:: GOAL OF THE EXERCISE ::
Leave the pictures out. Return the rest of the listing below exactly.

:: MATERIAL PROVIDED ::
________

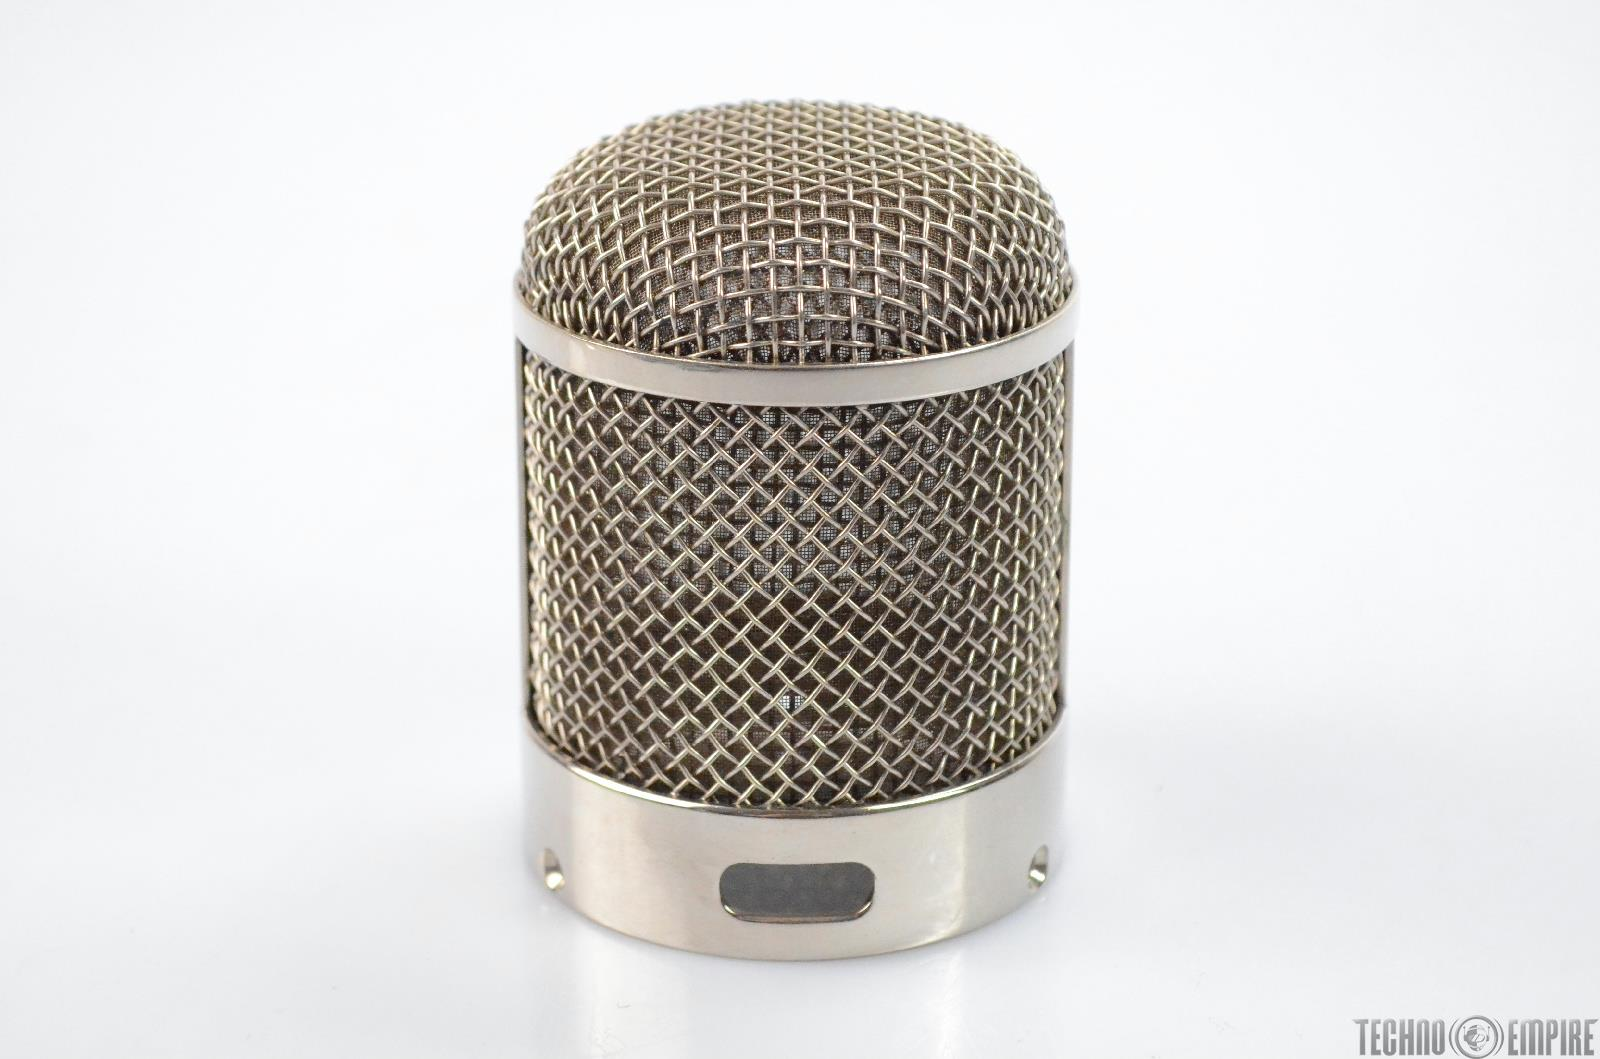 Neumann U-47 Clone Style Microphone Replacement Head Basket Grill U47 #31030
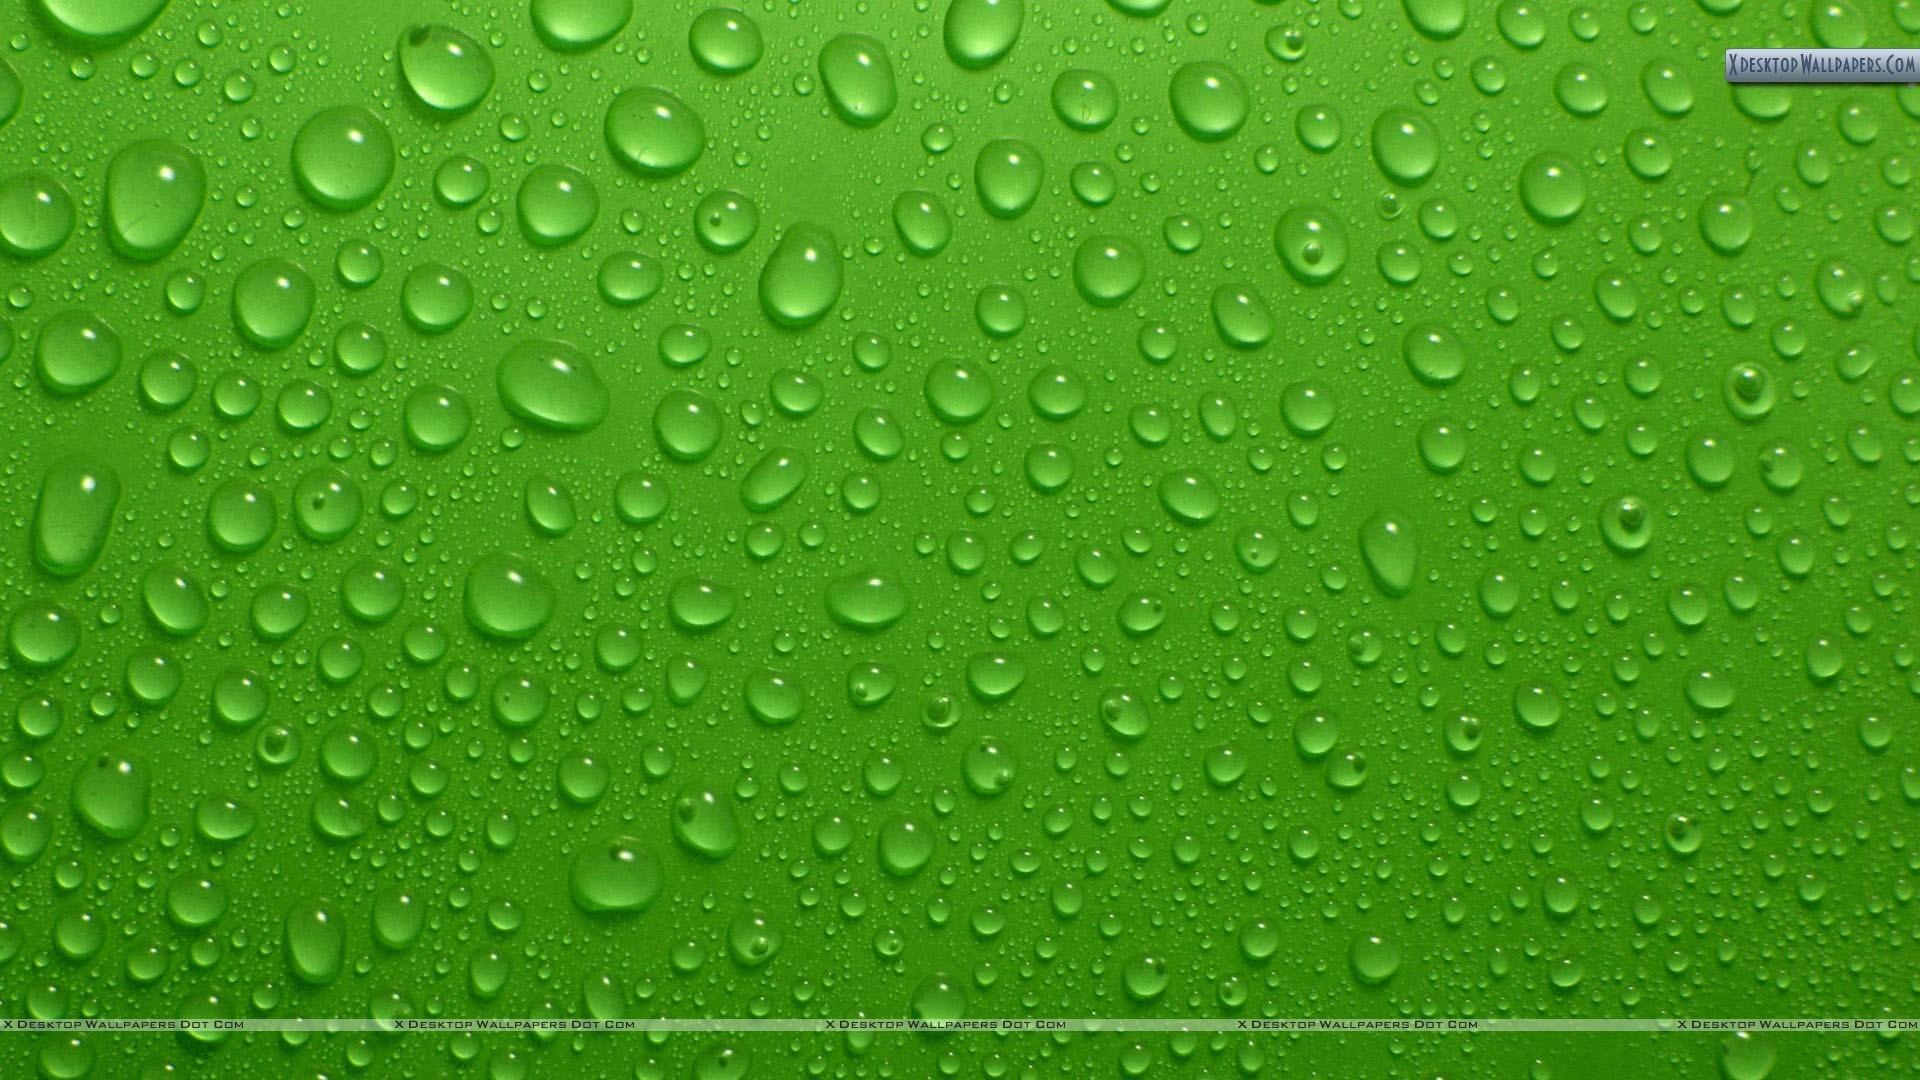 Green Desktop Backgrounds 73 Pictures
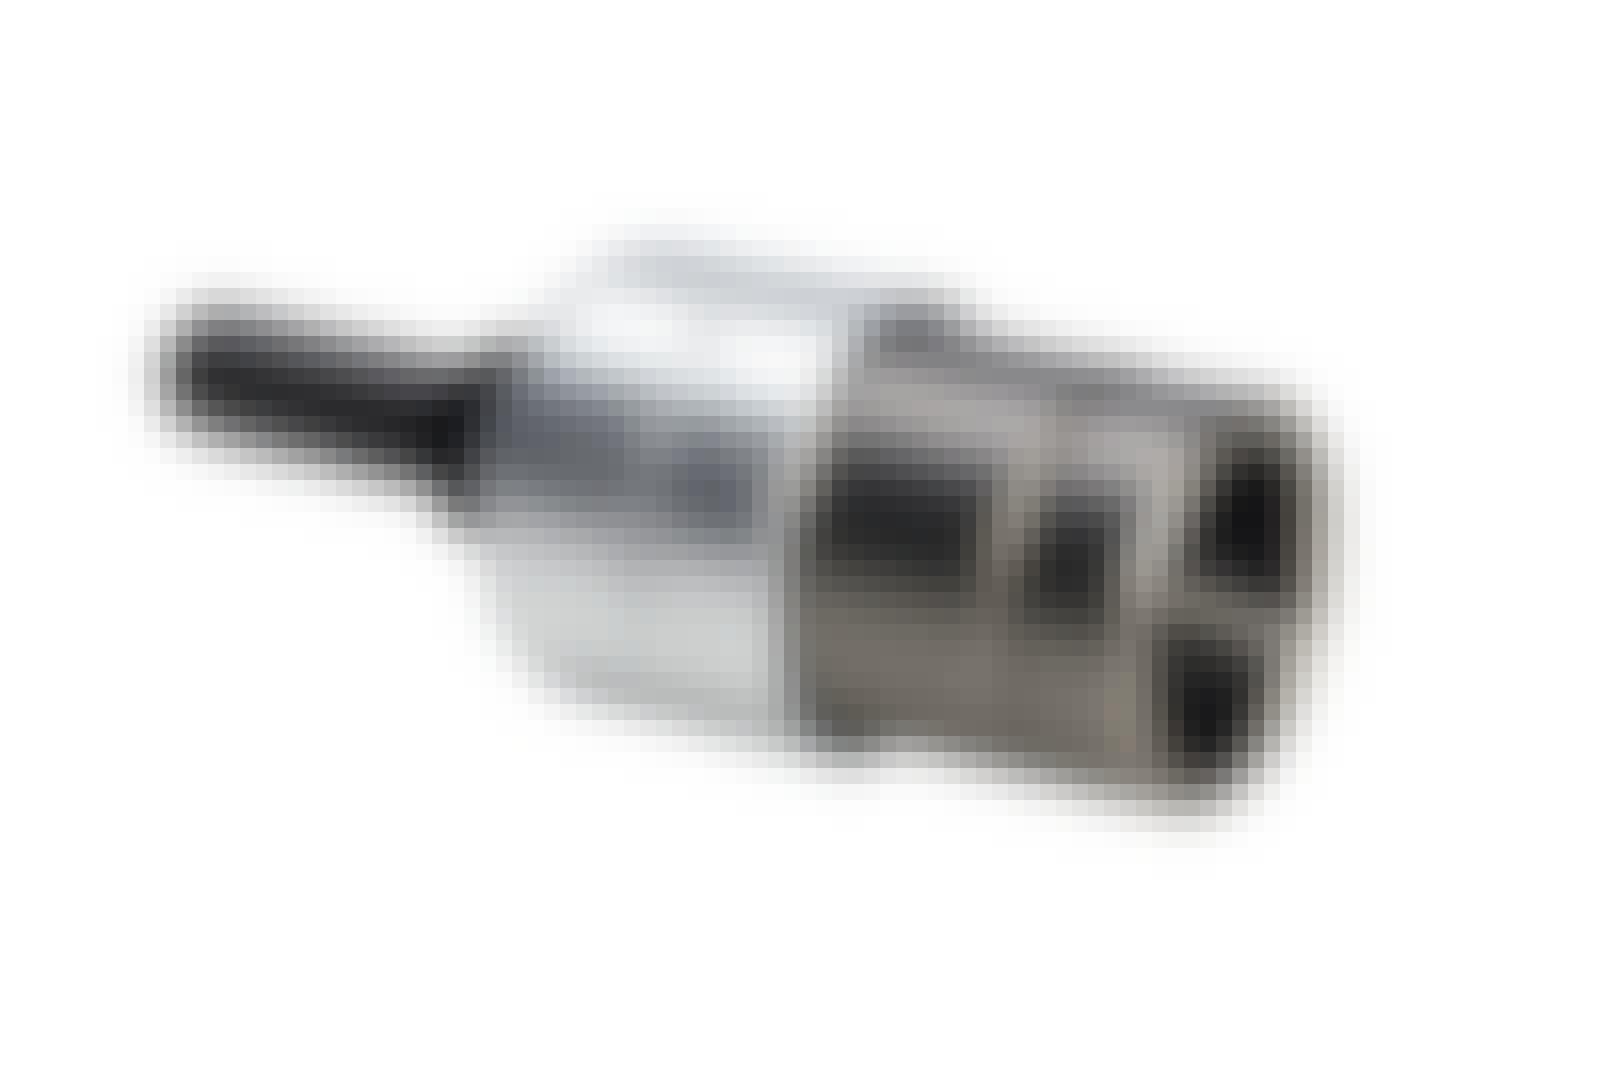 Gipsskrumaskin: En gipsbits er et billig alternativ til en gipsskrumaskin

________

:: THE ANSWER ::
 Neumann U-47 Clone Style Microphone Replacement Head Basket Grill U47 #31030
 Green Desktop Backgrounds 73 Pictures
 Gipsskrumaskin: En gipsbits er et billig alternativ til en gipsskrumaskin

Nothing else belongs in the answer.